▶ Data section:
* * *

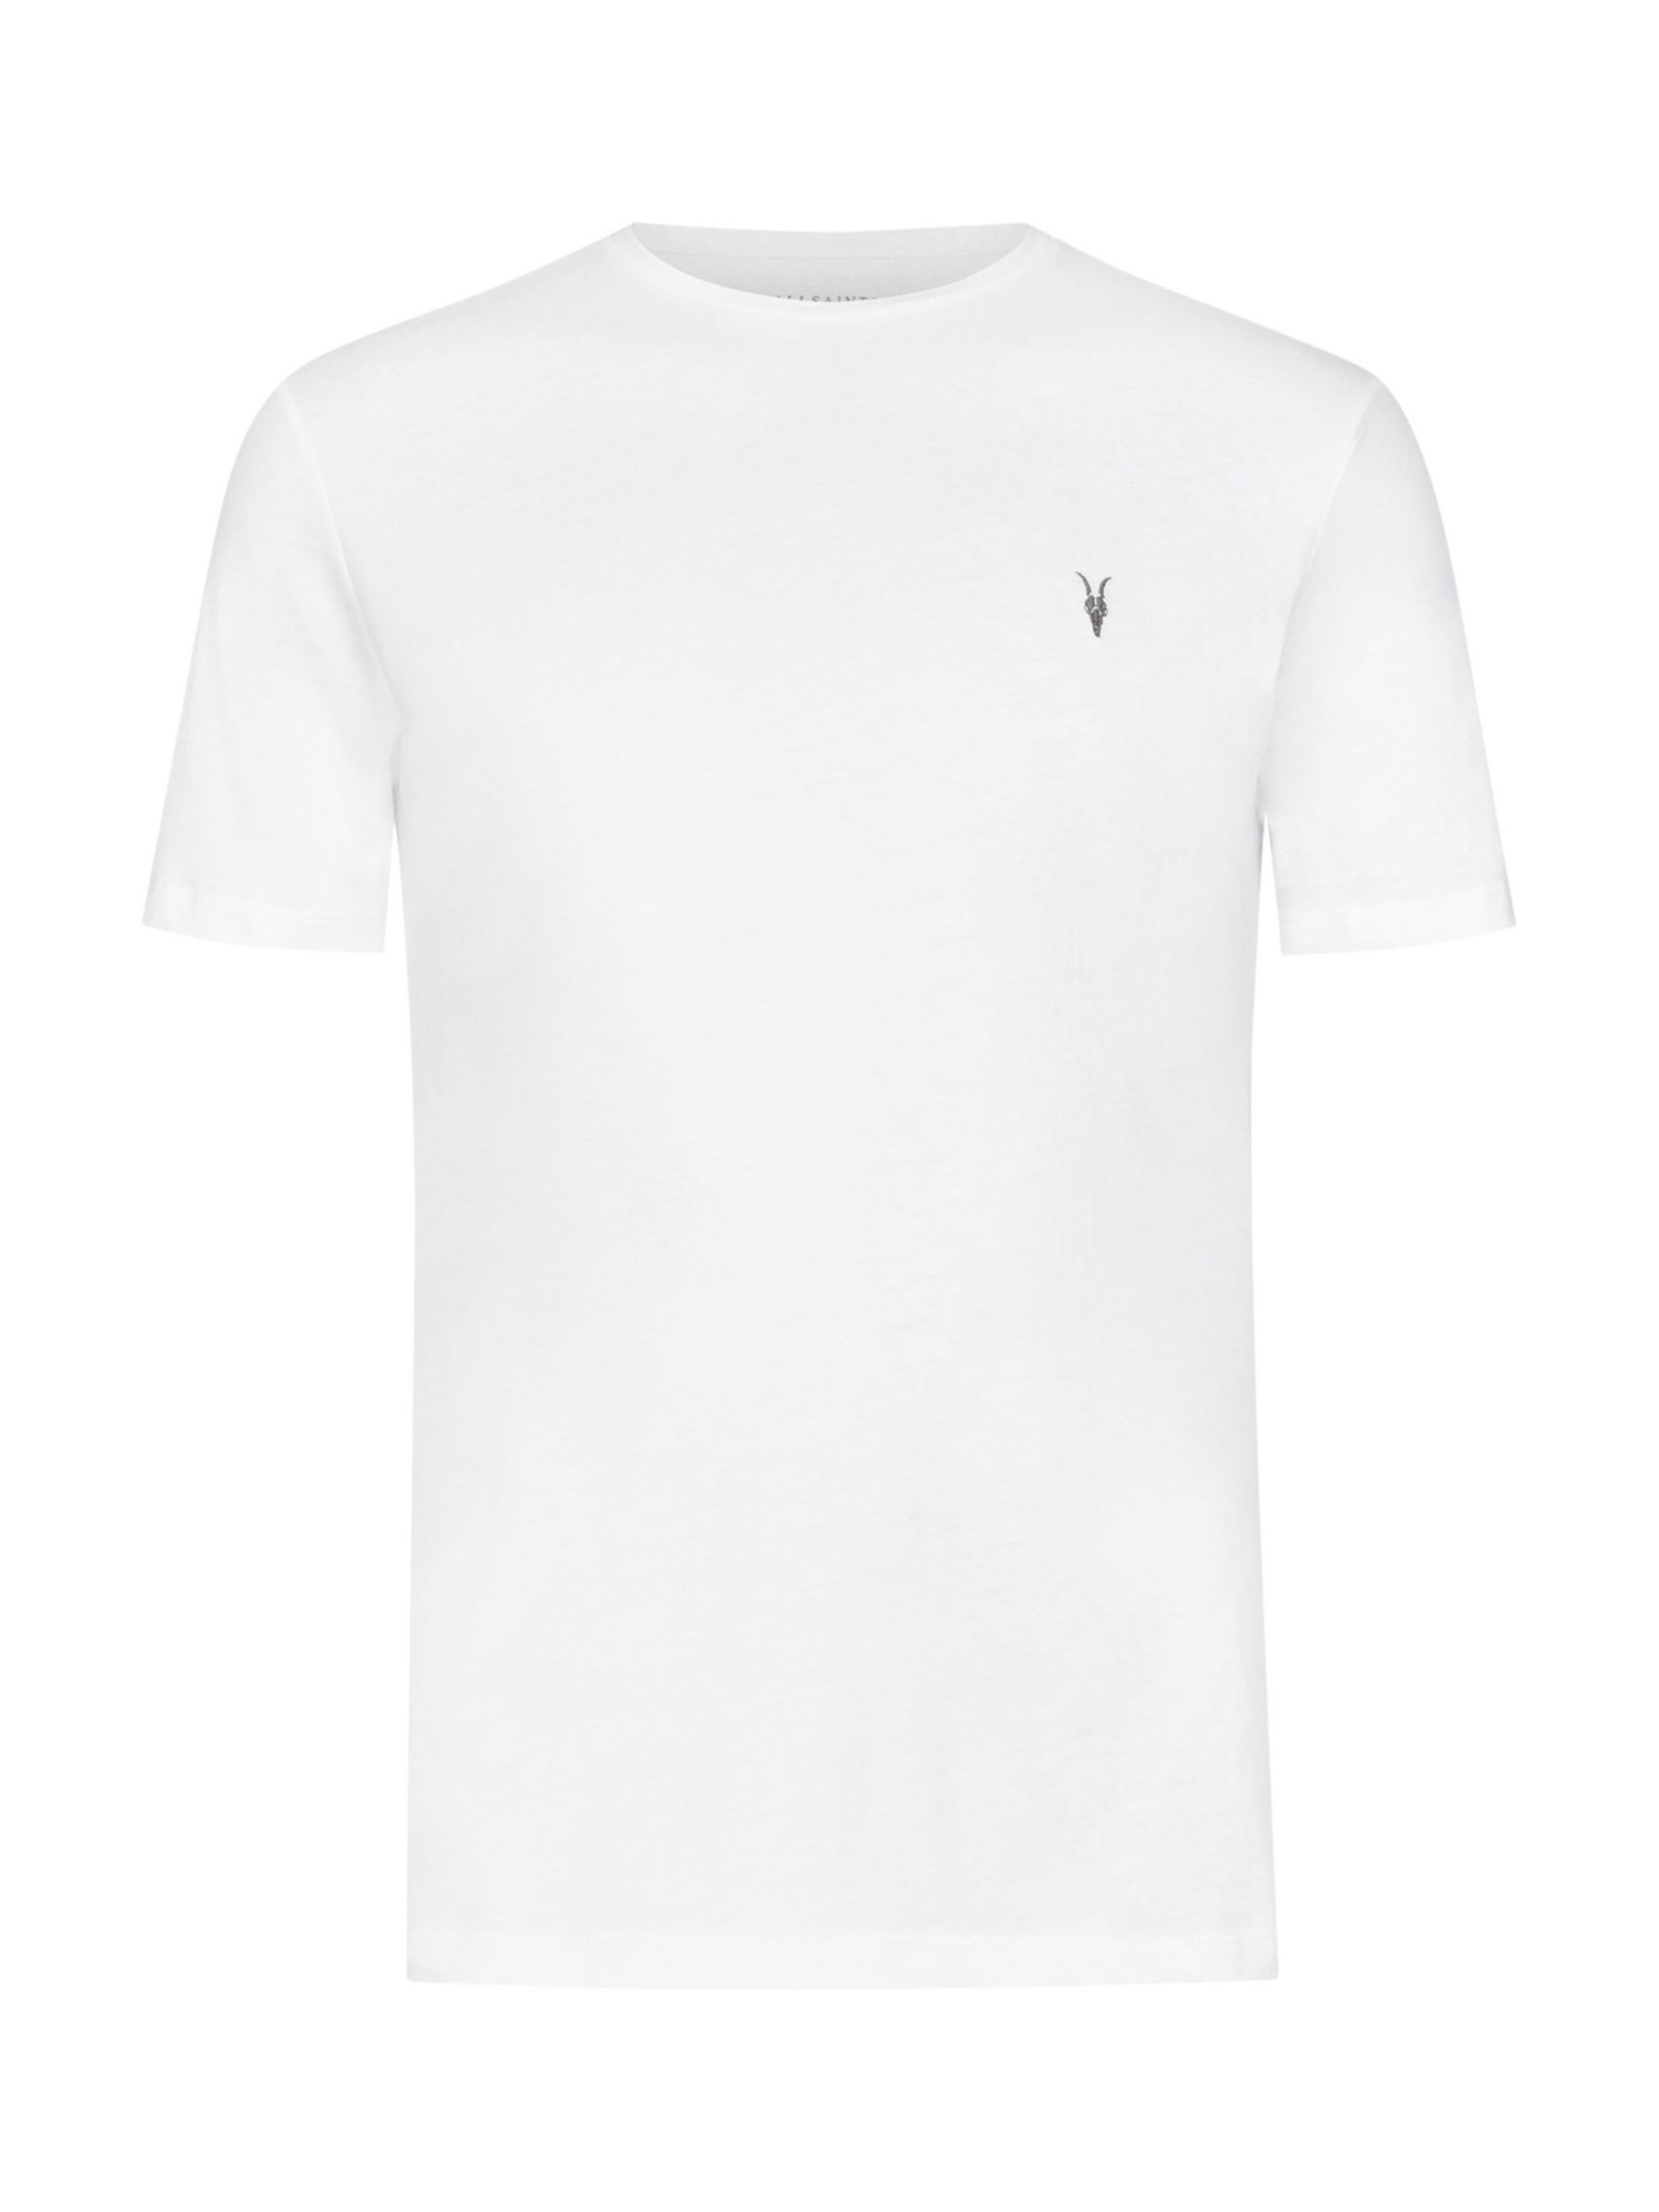 AllSaints Brace Tonic Crew Neck T-Shirt, Optic White, XS
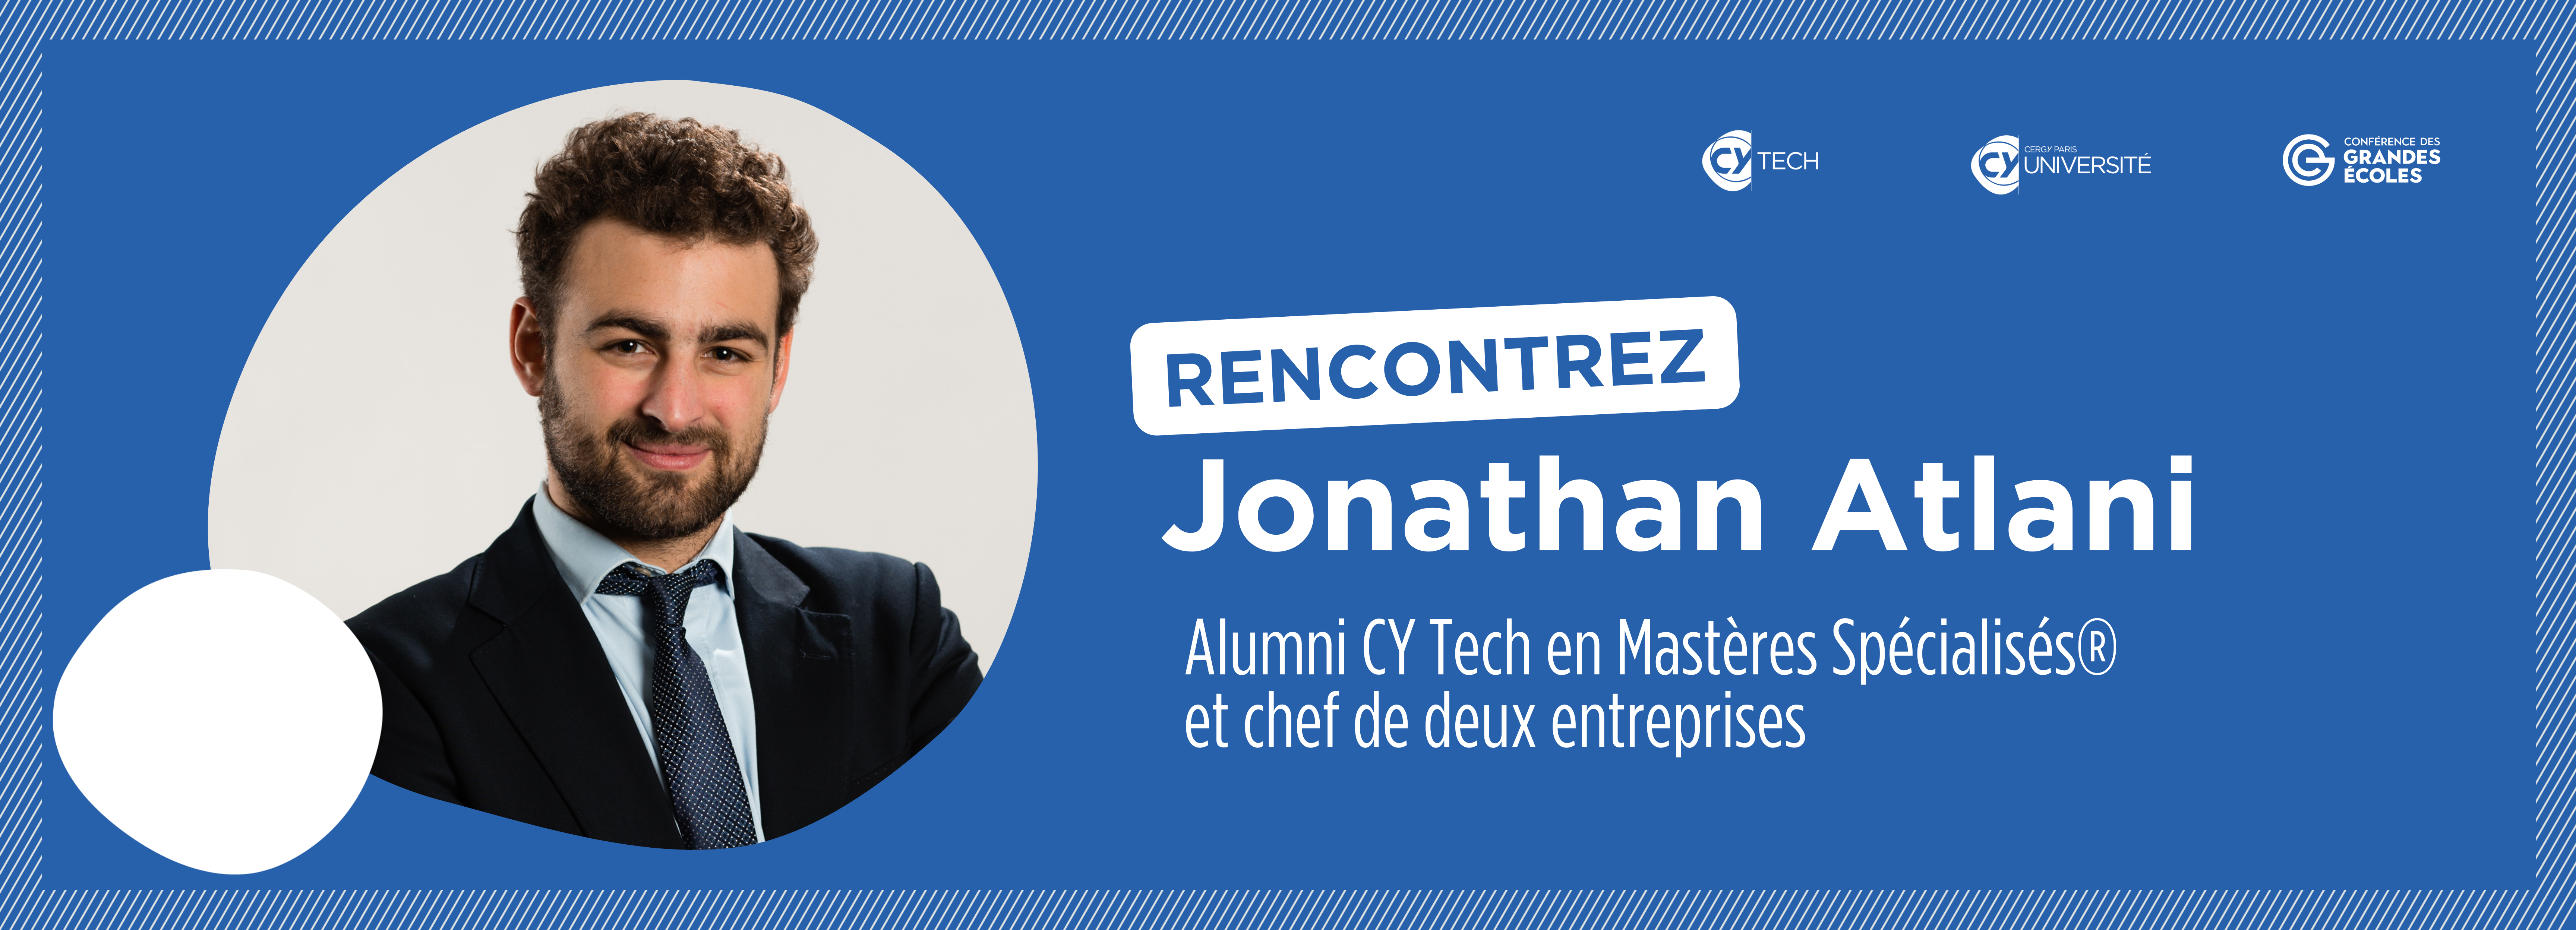 Jonathan Atlani Alumni CY Tech
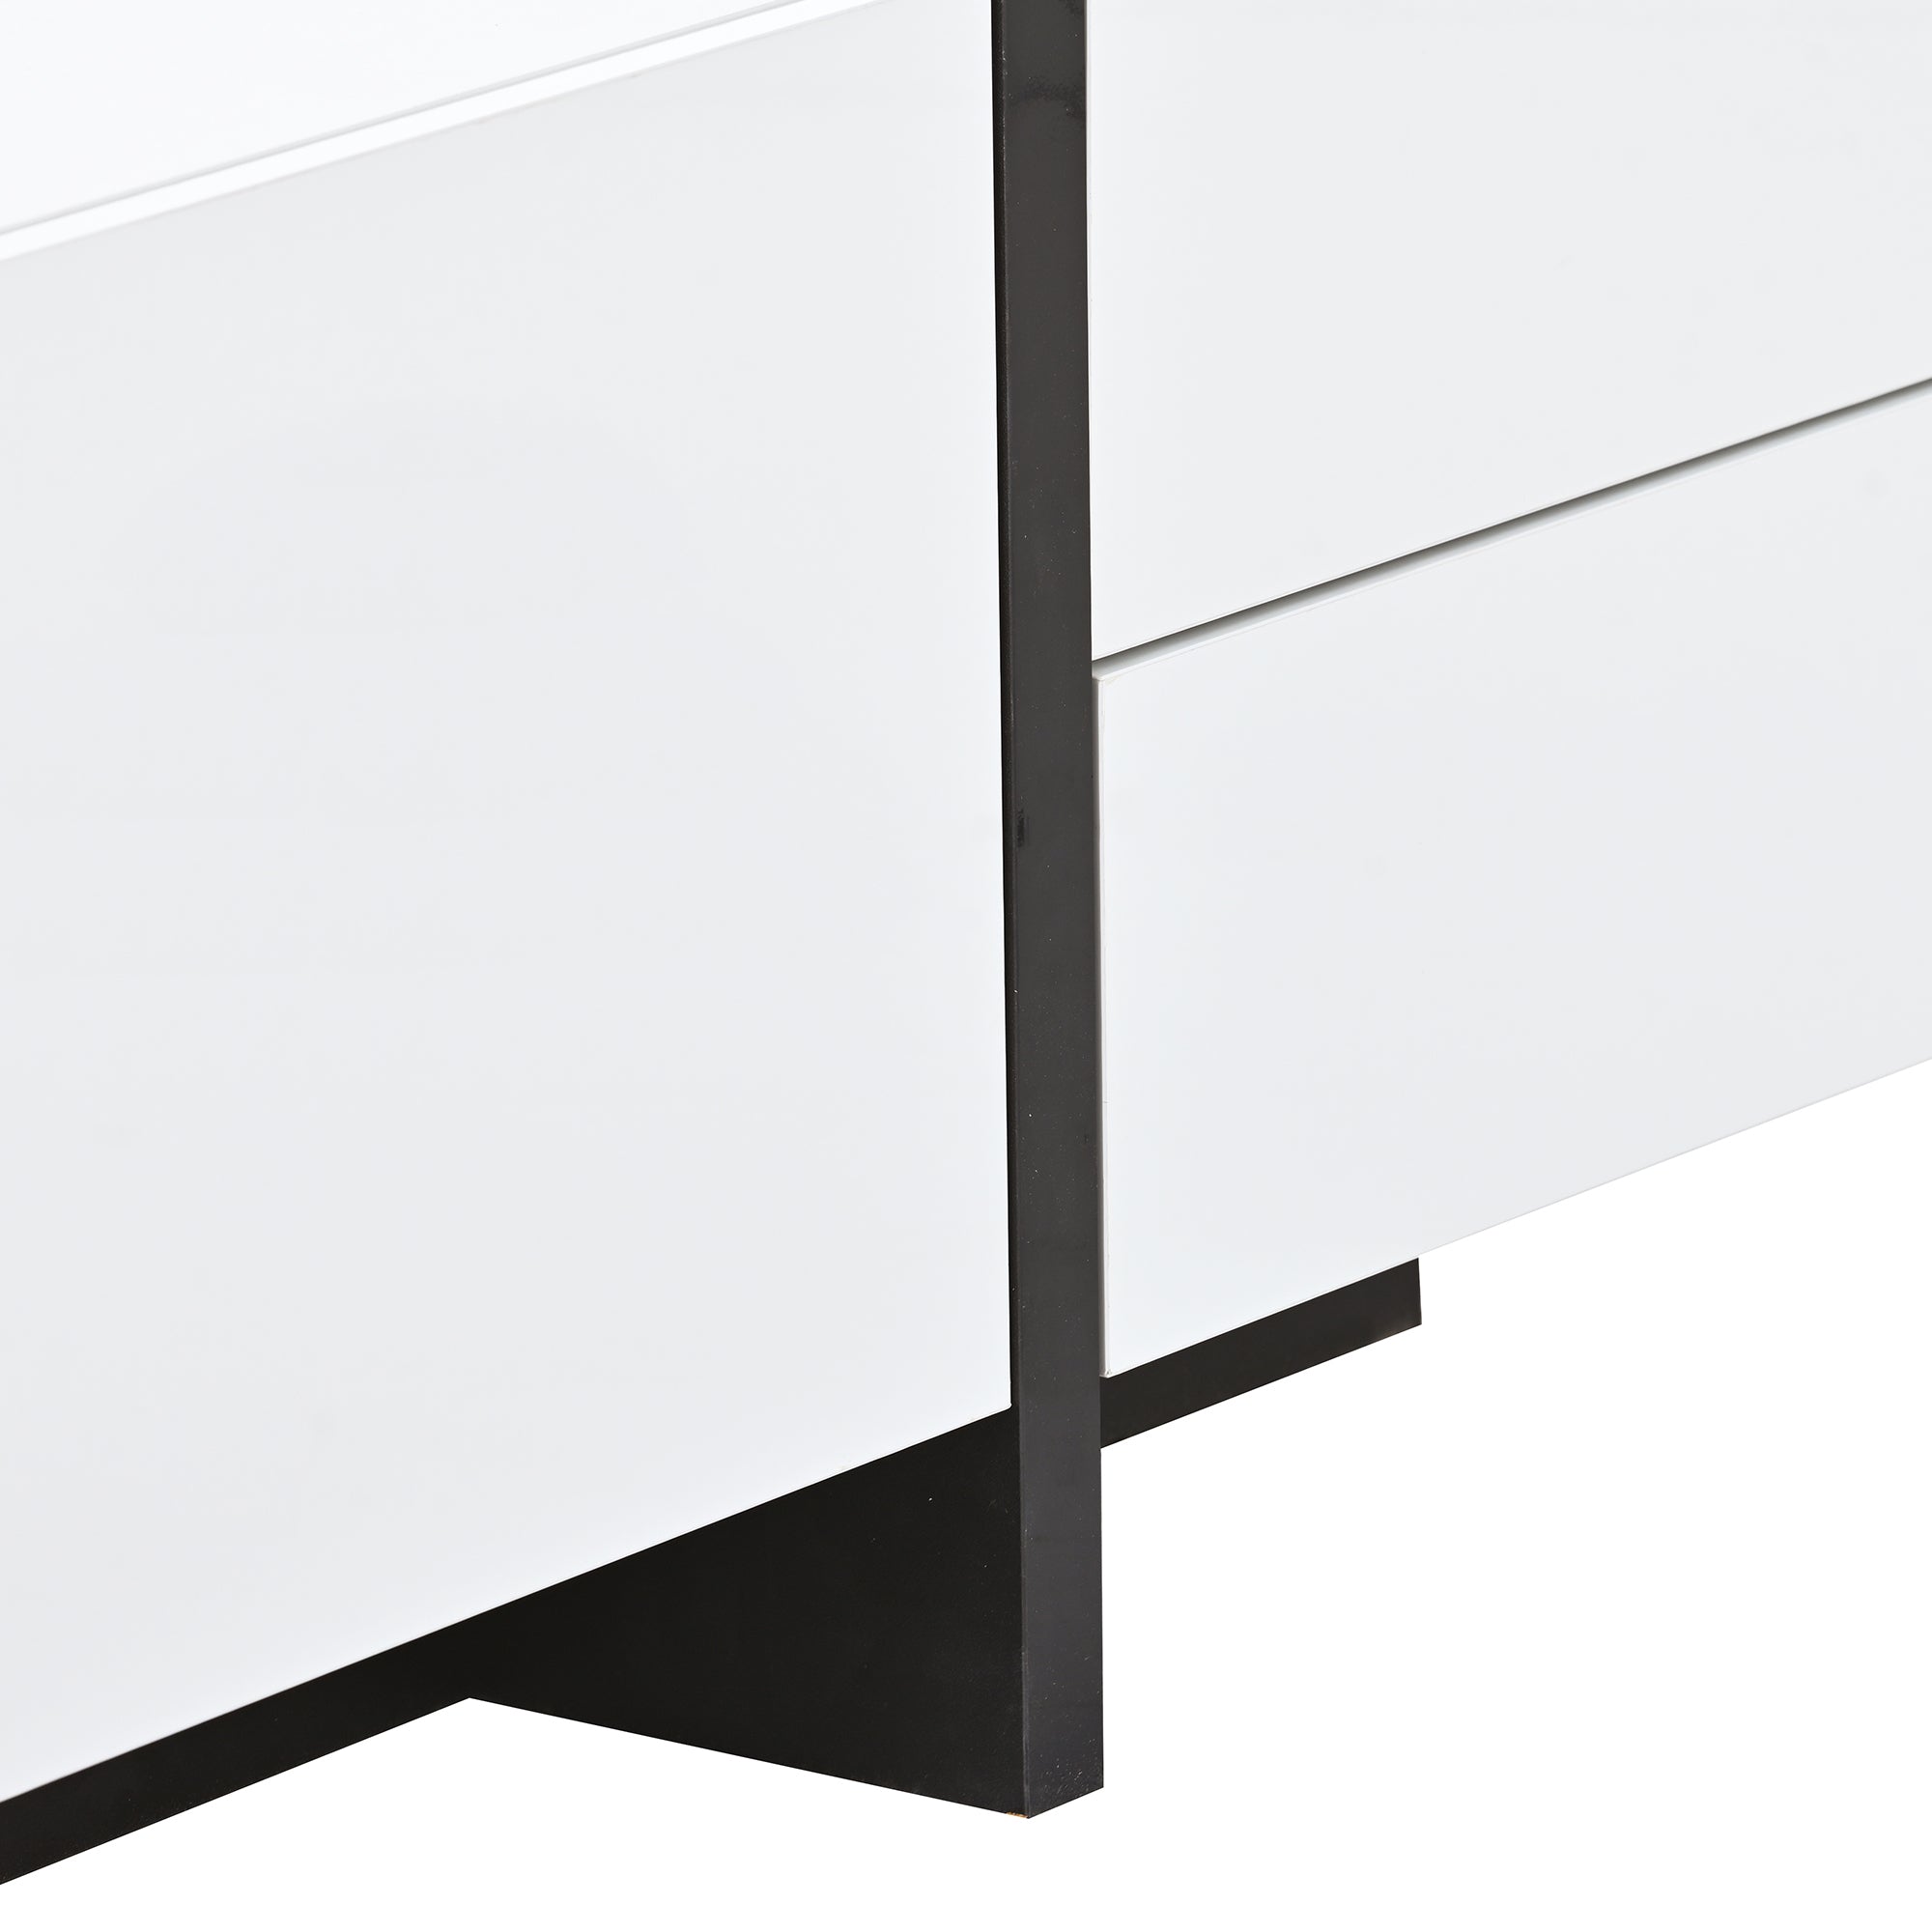 ON TREND White & Black Contemporary Rectangle Design white-particle board

* * *

▶ Work order: Restate the whole listing exactly as written, minus the pictures.

▶ Result for this task:
 AllSaints Brace Tonic Crew Neck T-Shirt, Optic White, XS
 Jonathan Atlani Alumni CY Tech
 ON TREND White & Black Contemporary Rectangle Design white-particle board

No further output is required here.